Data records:
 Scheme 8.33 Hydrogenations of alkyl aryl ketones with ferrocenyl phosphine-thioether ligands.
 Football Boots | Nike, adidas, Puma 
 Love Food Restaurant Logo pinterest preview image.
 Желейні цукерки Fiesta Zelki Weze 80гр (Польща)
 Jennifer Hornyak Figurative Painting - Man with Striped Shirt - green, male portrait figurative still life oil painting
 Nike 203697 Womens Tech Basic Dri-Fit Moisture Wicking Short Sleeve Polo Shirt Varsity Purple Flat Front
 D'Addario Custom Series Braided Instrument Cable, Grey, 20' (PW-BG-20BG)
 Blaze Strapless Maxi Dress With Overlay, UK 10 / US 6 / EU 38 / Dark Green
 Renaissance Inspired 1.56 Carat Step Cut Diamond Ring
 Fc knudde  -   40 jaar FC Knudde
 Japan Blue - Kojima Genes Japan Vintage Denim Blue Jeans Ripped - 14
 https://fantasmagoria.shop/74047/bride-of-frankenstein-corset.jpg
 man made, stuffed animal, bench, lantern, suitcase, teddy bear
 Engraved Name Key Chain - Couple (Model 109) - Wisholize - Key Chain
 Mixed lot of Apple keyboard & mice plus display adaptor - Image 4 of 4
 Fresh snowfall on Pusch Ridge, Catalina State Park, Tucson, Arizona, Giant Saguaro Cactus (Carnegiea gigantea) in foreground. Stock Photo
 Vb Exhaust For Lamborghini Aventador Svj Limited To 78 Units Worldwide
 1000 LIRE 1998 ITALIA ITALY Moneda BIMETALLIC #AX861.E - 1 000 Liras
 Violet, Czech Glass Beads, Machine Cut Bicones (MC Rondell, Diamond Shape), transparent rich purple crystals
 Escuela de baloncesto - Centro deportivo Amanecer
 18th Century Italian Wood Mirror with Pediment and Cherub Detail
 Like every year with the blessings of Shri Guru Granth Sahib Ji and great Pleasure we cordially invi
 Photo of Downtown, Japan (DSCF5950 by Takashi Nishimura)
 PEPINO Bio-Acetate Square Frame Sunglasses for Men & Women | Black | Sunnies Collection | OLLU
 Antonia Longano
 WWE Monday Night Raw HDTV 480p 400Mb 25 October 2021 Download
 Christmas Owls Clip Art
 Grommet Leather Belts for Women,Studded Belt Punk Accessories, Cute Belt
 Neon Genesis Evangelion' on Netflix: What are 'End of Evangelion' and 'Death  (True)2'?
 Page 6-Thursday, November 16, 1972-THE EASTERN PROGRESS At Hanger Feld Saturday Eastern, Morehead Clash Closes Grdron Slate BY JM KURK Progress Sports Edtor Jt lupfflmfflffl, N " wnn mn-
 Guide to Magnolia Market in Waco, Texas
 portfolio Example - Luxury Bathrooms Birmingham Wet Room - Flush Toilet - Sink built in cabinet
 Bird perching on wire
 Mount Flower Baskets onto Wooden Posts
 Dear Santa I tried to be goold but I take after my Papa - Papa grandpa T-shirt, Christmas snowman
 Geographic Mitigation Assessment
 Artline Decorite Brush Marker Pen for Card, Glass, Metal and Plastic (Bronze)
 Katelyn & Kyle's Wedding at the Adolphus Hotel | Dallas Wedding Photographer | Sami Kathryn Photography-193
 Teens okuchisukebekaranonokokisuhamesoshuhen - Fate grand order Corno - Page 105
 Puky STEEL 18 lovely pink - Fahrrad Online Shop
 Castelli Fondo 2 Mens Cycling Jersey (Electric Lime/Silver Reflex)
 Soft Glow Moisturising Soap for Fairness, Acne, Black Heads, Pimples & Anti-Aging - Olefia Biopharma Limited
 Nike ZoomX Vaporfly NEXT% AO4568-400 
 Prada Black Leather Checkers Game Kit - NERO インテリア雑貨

(PROBLEM REQUIREMENTS)
Give the exact lines, and only those, from the line containing "Like every year" through the line containing "PEPINO Bio-Acetate Square" in the entries above.

(SOLUTION BELOW)
 Like every year with the blessings of Shri Guru Granth Sahib Ji and great Pleasure we cordially invi
 Photo of Downtown, Japan (DSCF5950 by Takashi Nishimura)
 PEPINO Bio-Acetate Square Frame Sunglasses for Men & Women | Black | Sunnies Collection | OLLU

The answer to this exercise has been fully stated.